Erik kembali ke kota Beurne, dia langsung menyuruh warga Beurne berkumpul di balai kota, dengan dibantu orang orangnya, tanpa mengubah penampilannya, ia langsung menyampaikan pidato untuk warga Beurne.
"Warga kota Beurne, dengarkan aku sekarang, seluruh pasukan kita telah dibunuh oleh Adolf, dan Otto telah terbunuh juga, apa jadi nya jika Adolf memasuki kota ini, tentu kalian semua akan diperbudak, wanita dan anak anak akan dijual, para pria akan dijadikan pekerja paksa." Erik berteriak dengan lantang.
"Atas dasar apa kau berkata demikian, bukankah hanya untuk kepentingan mu saja agar lolos kematian dari Adolf." salah satu warga membantah ucapan Erik.
"Kau ini bodoh apa gimana? Jelas jelas kalian sendiri yang membunuh pangeran Herman sebelumnya? Kau pikir Adolf akan diam saja jika saudara nya dibunuh oleh kalian dengan keji?." ucap Erik meraung marah
"Tapi pihak kerajaan tidak akan memperlakukan kami dengan keji bukan? Bukankah kami masih rakyat Danemor?." ucap salah satu warga yang mulai ketakutan.
"Rakyat Danemor? Sejak kalian ikut memberontak denganku kalian sudah bukan lagi rakyat Danemor, sekarang terserah kalian mau ikut melawan Adolf bersama ku untuk bertahan hidup, atau hanya pasrah tanpa perlawanan."
Seluruh warga kota pun menjadi hening, mereka baru menyesali telah membunuh Herman dan ikut memberontak dengan Erik dan Otto, kemudian salah satu warga kota berteriak.

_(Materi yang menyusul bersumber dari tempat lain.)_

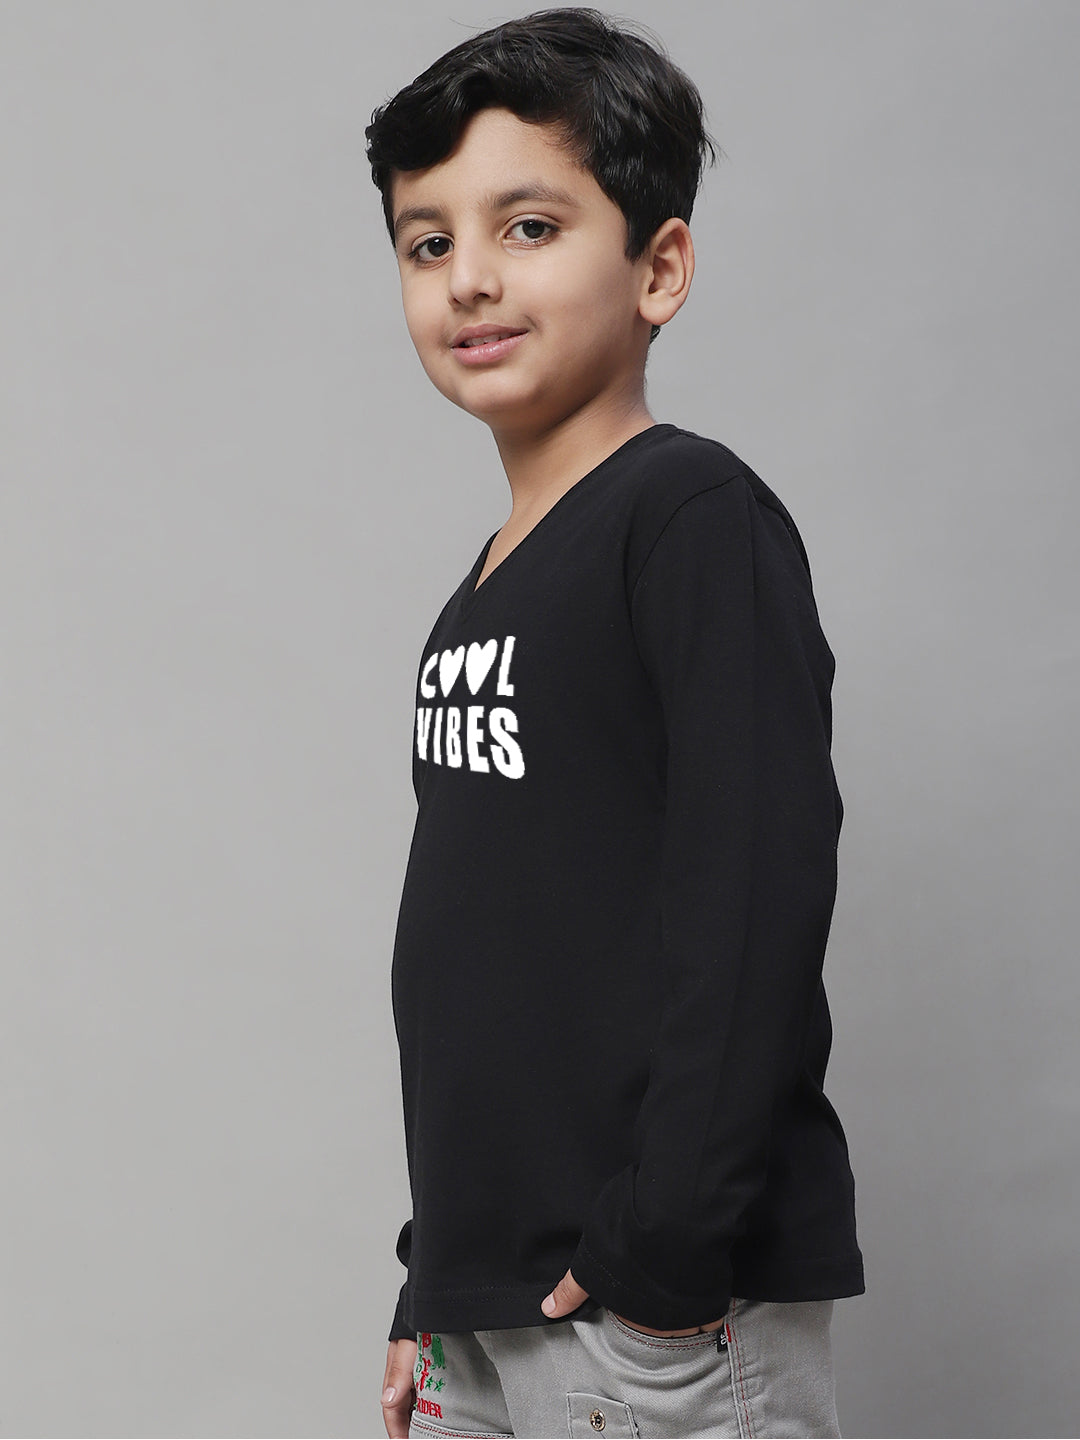 Boys Cool Vibes Casual Fit Printed T-Shirt - Friskers

"Benar kata duke Erik, kita semua hanya akan mati jika diam saja, kita selama ini telah melakukan hal buruk di kota lainnya, tentu seluruh rakyat Danemor turut senang jika kita terbunuh, untuk itulah lebih baik mati karena berusaha bertahan hidup ketimbang mati disiksa secara perlahan."
Seluruh pemuda maupun tua berteriak dengan lantang menentang melawan Adolf, Erik pun tersenyum karena merekrut militan secara gratis hanya modal berpidato saja.

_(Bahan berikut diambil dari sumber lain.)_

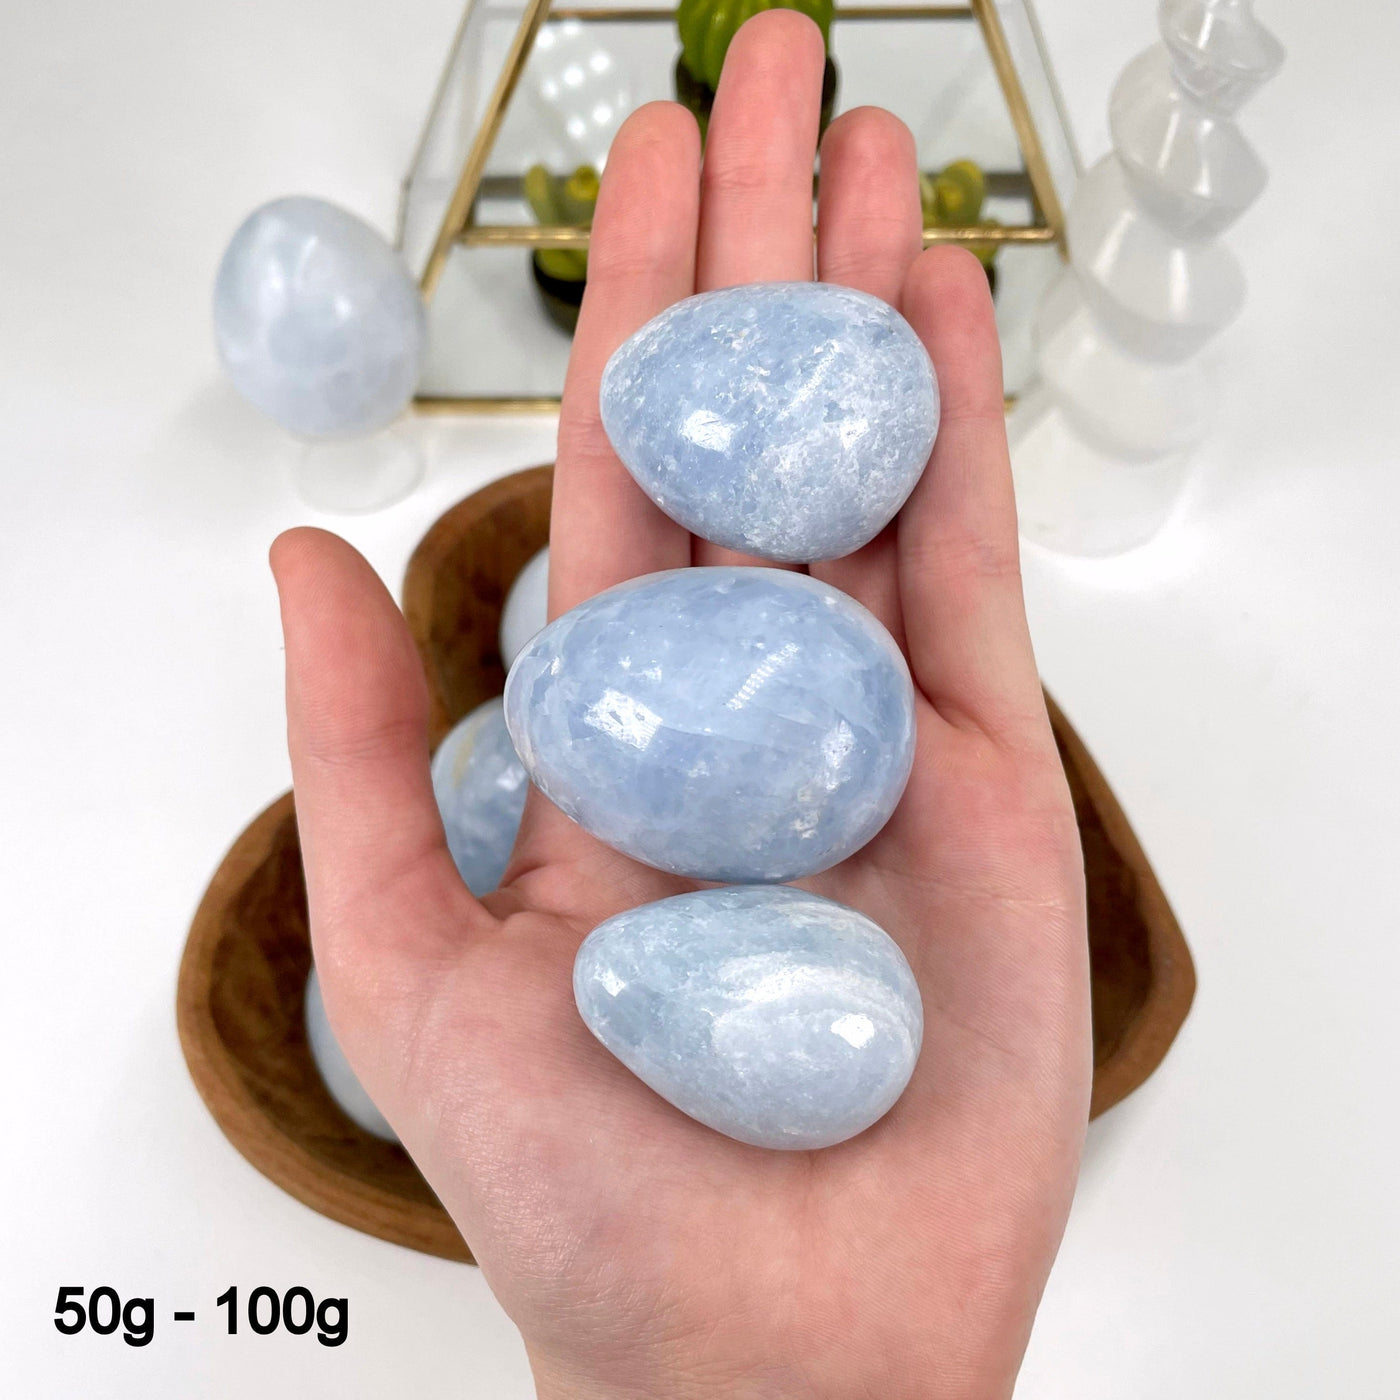 three 50g - 100g blue calcite polished eggs in hand for size reference and possible variations

"Baiklah persiapkan diri kalian, kita gunakan senjata seadanya untuk menghalau Adolf merebut kota dan memperbudak kita semua."
Tenda pasukan utama.
"Tuan, kapan kita akan menyerang Beurne? Tinggal selangkah lagi kita menuju kemenangan." ucap Adurain.
'Kita rencanakan 2 hari waktu pagi menjelang siang, tunggu asap hitam itu mereda."
"Baik tuan."
"Pan, kemungkinan warga kota Beurne telah diprovokasi oleh duke, tentu menghadapi 5 juta penduduk itu tidak mudah kan?."
"Tentu tuan, tapi menurutku kita harus menggunakan senjata api untuk menakut nakuti mereka agar menyerah, meski ini keji, tetapi lebih efektif ketimbang menembakkan anak panah seperti di benteng Beurne."
"Benar katamu, sangat disayangkan jika kita berkurang mendapatkan pekerja paksa untuk kepentingan revolusi industri."